Thanks for your guidance.

##

// Enable RTC pin power domain
esp_sleep_pd_config(ESP_PD_DOMAIN_RTC_PERIPH, ESP_PD_OPTION_ON);

// Enable ext1 for wake-up on select RTC GPIO pins
esp_sleep_enable_ext1_wakeup(wakeupLowToHighPins, ESP_EXT1_WAKEUP_ANY_HIGH);

// Isolate and set pins to hold LOW to keep peripherals powered off
<omitted for brevity>

// Enable the timer wakeup
esperr = esp_sleep_enable_timer_wakeup(timeoutSecs * 1000000);
if (esperr != ESP_OK) {
return false;
}

// Enter deep sleep
esp_deep_sleep_start();

##

boarchuz
Posts: 601
Joined: Tue Aug 21, 2018 5:28 am

Re: the hunt for esp32-s3 deep sleep current leakage

Postby boarchuz » Fri Feb 17, 2023 1:55 pm

Yes, you should be able to achieve the specified deep sleep current.
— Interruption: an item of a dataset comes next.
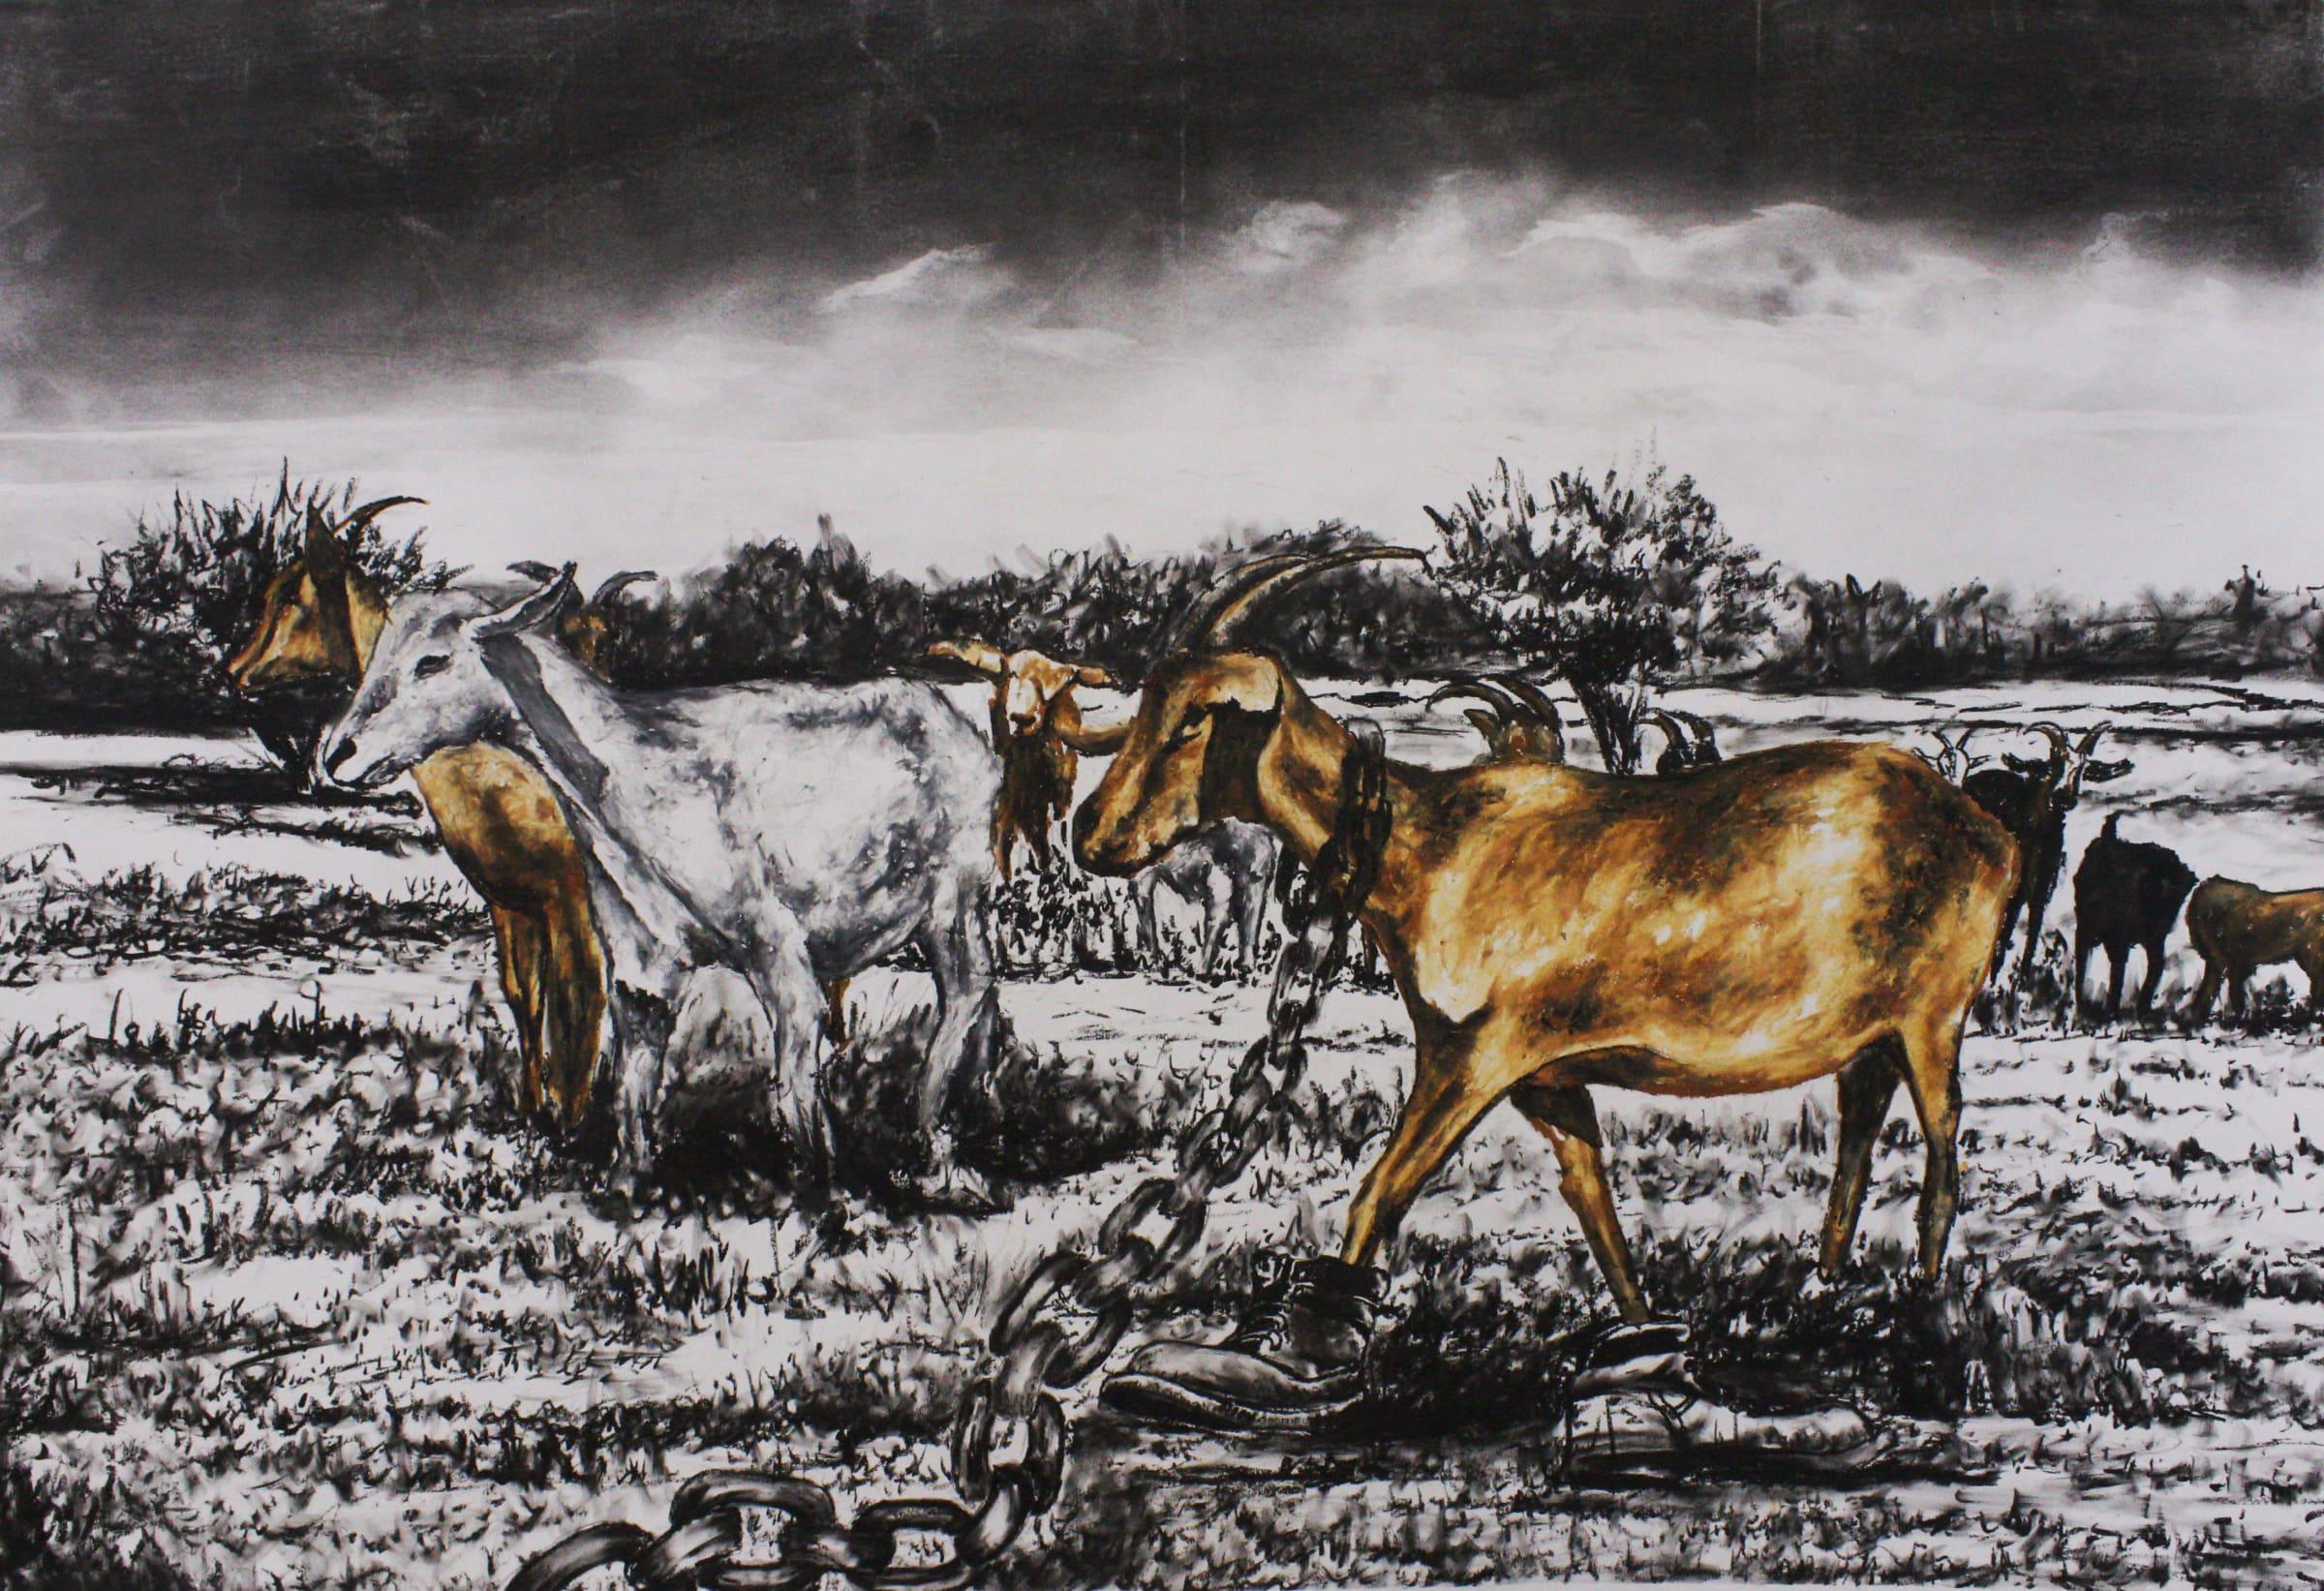 <span class=&#34;link fancybox-details-link&#34;><a href=&#34;/artists/98-walter-fumani-maluleke/works/1575-walter-fumani-maluleke-vuhlonga-a-byi-heli-2018/&#34;>View Detail Page</a></span><div class=&#34;artist&#34;><strong>Walter Fumani Maluleke</strong></div> <div class=&#34;title&#34;><em>Vuhlonga A Byi Heli</em>, 2018</div> <div class=&#34;medium&#34;>Charcoal On Frabriano Paper</div> <div class=&#34;dimensions&#34;>118.5cm x 84.5cm (135cm x 101cm framed)</div><div class=&#34;price&#34;>R12,000.00</div>
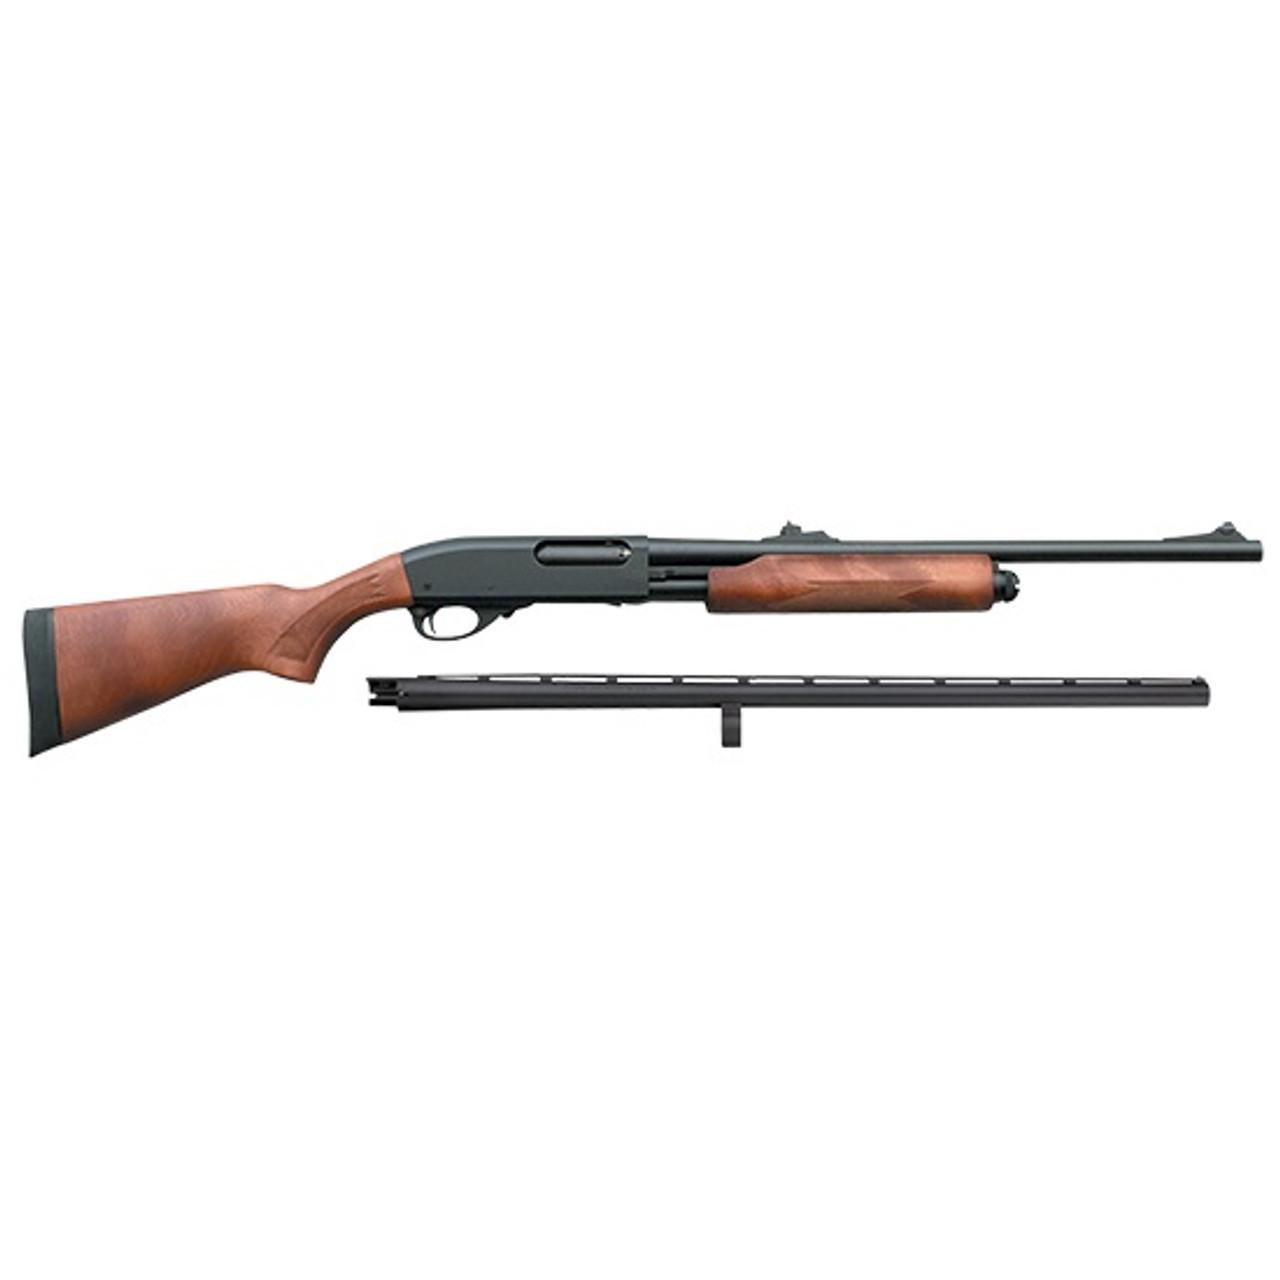 Remington 870 Field & Home Combo CALIFORNIA LEGAL - 12ga - Wood

An external RTC crystal will increase this, however. I've never used one so I don't know by how much exactly. There's a good chance this is the culprit, at least partially.

Yes, ESP-IDF will power down everything possible automatically upon entering deep sleep. You're not missing anything in software.

rozzie
Posts: 12
Joined: Sat Sep 05, 2020 4:57 pm

Re: the hunt for esp32-s3 deep sleep current leakage

Postby rozzie » Fri Feb 17, 2023 6:06 pm

Good news: I found the issue.

Bad news which should probably be paid attention to by Espressif engineers: it's arguably a bug in esp_deep_sleep_start().

By reduction, I found that this was the line of code that caused the sleep current to increase to 995µA. (I'd previously reported 970, but it was an error in my notes.)

Code: Select all

    adc_oneshot_unit_init_cfg_t init_config = { .unit_id = ADC_UNIT_1 };
    esperr = adc_oneshot_new_unit(&init_config, &adc_handle);
And so, just before the call to esp_deep_sleep_start(), I added:

Code: Select all

adc_oneshot_del_unit(adc_handle);
Now, during the deep sleep, the current is measured at 14.4µA, which is close enough to my 10µA budget for now.

Quite a relief to have found this. Thanks for your time.